Investigation of Area- and Path-Planning Algorithms using Panel-Method-Based Guidance
A research project conducted at TUM’s Institute for Rotorcraft and Vertical Flight, integrating classical robot path-planning algorithms with aerodynamics-inspired Panel-Method-Based guidance to generate smooth, collision-free trajectories for UAVs in urban environments. The panel method, rooted in potential flow theory, treats obstacles as vortex panels to produce a continuous velocity field: eliminating the local-minima problem of classical potential fields. The system was demonstrated in a search-and-rescue scenario: an area-coverage UAV first locates a distress signal using grid-based sweeping guided by the panel method, then a second UAV navigates to the target using a classical path-planning algorithm.
My Contributions
- Area-Coverage Algorithm: Implemented the grid-based area-coverage planner that divides an arena among multiple vehicles, generates boustrophedon (back-and-forth) sweep paths, and hands off each waypoint sequence to the panel-method trajectory planner for collision-free execution.

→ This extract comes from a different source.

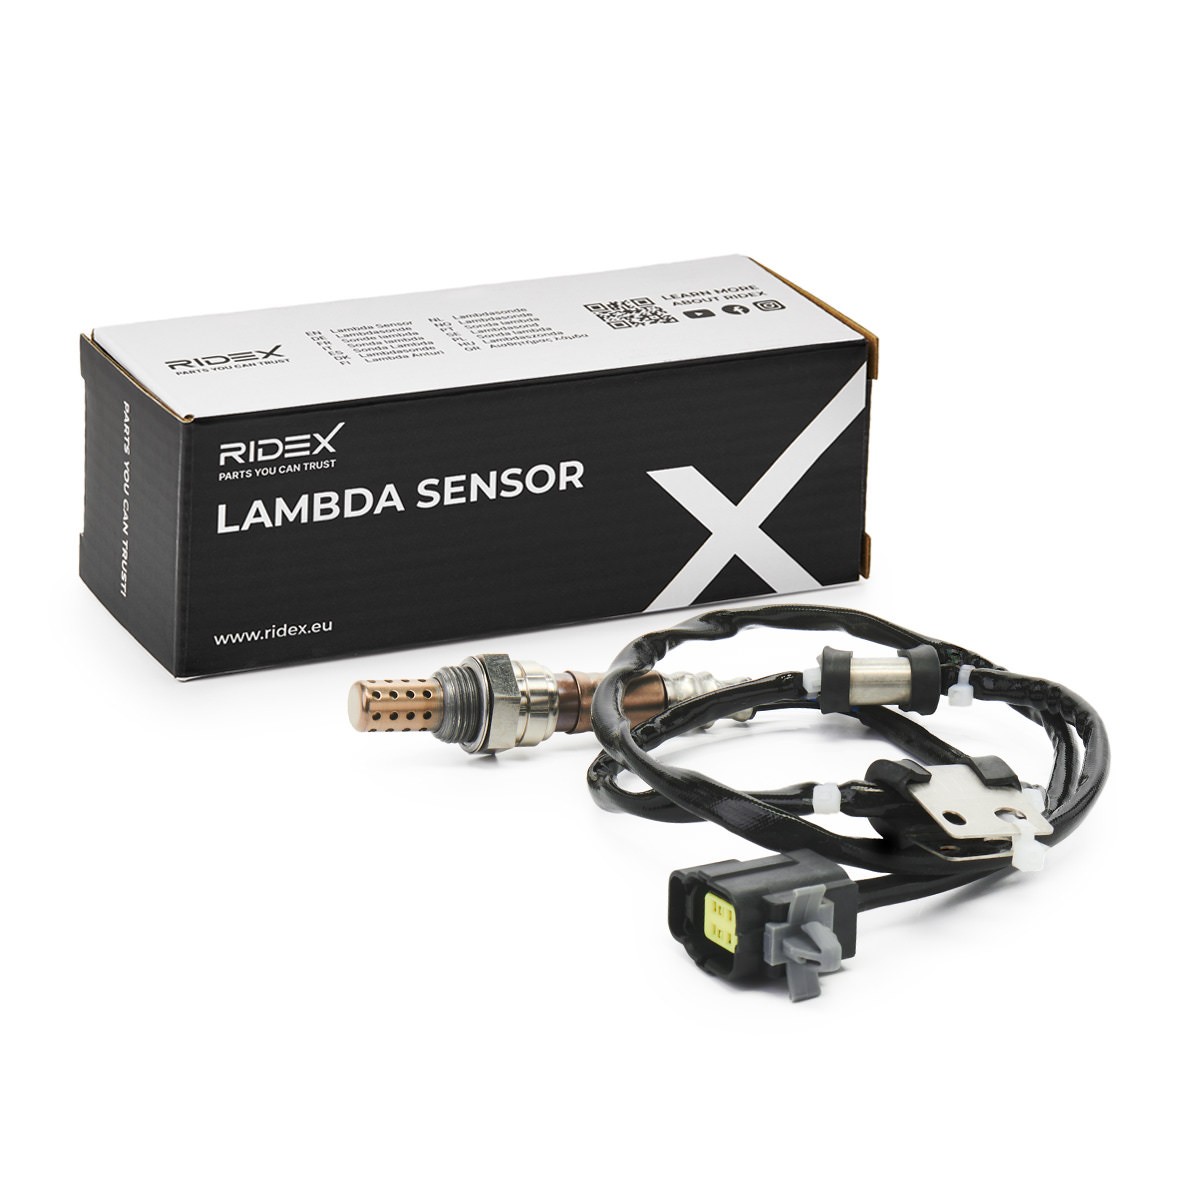 RIDEX 3922L0516 Lambda sensor M18x1.5, Regulating Probe, 4

- Panel Method Integration: Integrated the panel-method guidance environment into the area-planning pipeline, enabling real-time obstacle circumnavigation by computing vortex-panel strengths and deriving velocity fields that steer vehicles around buildings.
- Building Inflation & Border Enclosure: Developed pre-processing steps to inflate obstacle polygons (safety margins) and generate enclosing borders around the arena, ensuring the coverage and guidance algorithms operate within valid, collision-safe bounds.
- Distress Signal Triangulation: Contributed to the triangulation module that estimates the location of a missing person from signal-strength measurements collected during the area sweep, triggering the handoff to the path-planning UAV.
- Multi-Vehicle Coordination: Extended the area planner to support multiple simultaneous vehicles, automatically partitioning the arena and assigning sub-regions, with the panel method handling inter-vehicle collision avoidance.